One of the best ways to provision your Jetstream2 instances is by creating a custom image. You could then use the custom image when creating instances through Terraform. Such images can contain system configurations, user accounts, software installations and other customizations that do not change frequently. Custom images will not help you work with your most recent data set or access information that is only known once Terraform has run.

Creating a custom Jetstream2 image is not hard and the process is described in the Jetstream2 documentation, both through the Exosphere web interface (Horizon can also be used) and through the command-line interface (CLI).

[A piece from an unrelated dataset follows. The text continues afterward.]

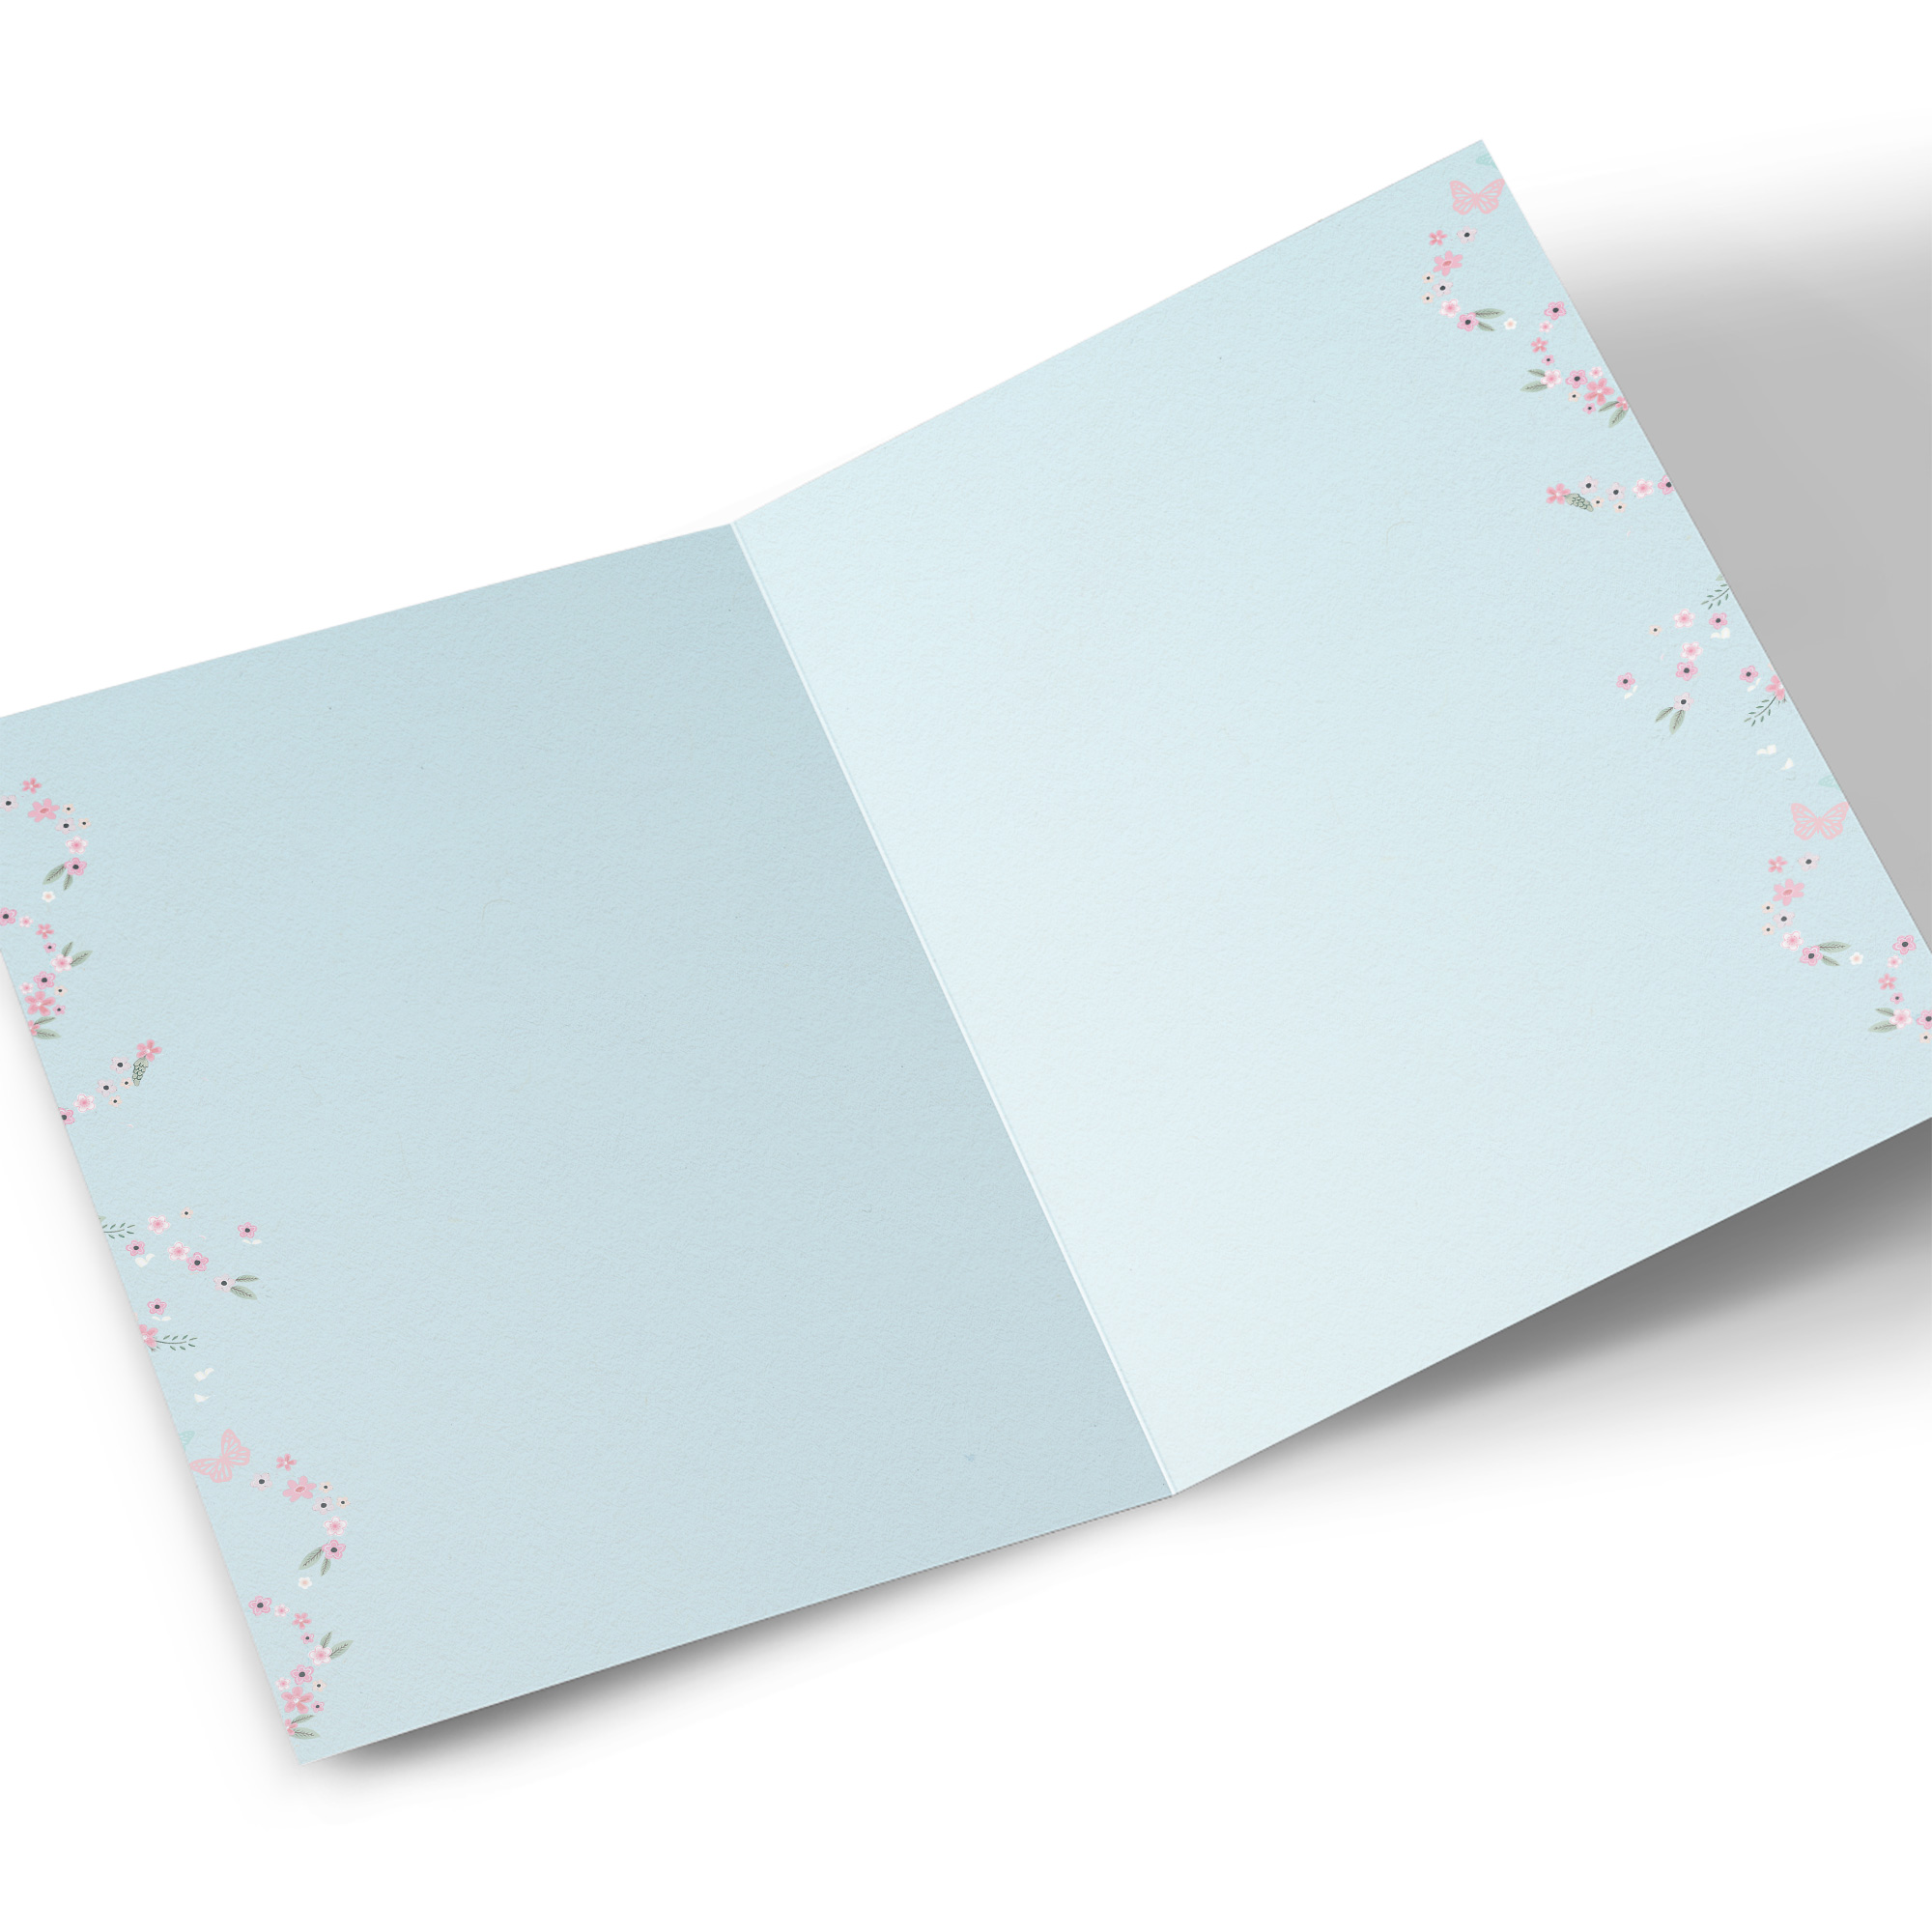 Personalised Wedding Card - Car & Confetti

Basically, you need to create an instance from a standard Jetstream2 image, then customize it as you want while observing a few restrictions and guidelines. You can then save a snapshot of the instance that can server as an image.

During First Boot

When an instance is first booted on Jetstream2, OpenStack attempts to initialize it using cloud-init. Cloud-init is a method for passing metadata and "user data" to an instance, where the user data is a script that will be run on the new instance. Using cloud-init from within Terraform provides a good opportunity to update the operating system, perform configuration, install software and copy data to the instance. In some situations, you can also use it to pass information from Terraform to the new instance. Keep in mind that the tasks in a cloud-init "user data" script will be performed each time a new instance is deployed. If your initialization includes long tasks that will not change over time, it is recommended that they instead be included in a custom image, as described above.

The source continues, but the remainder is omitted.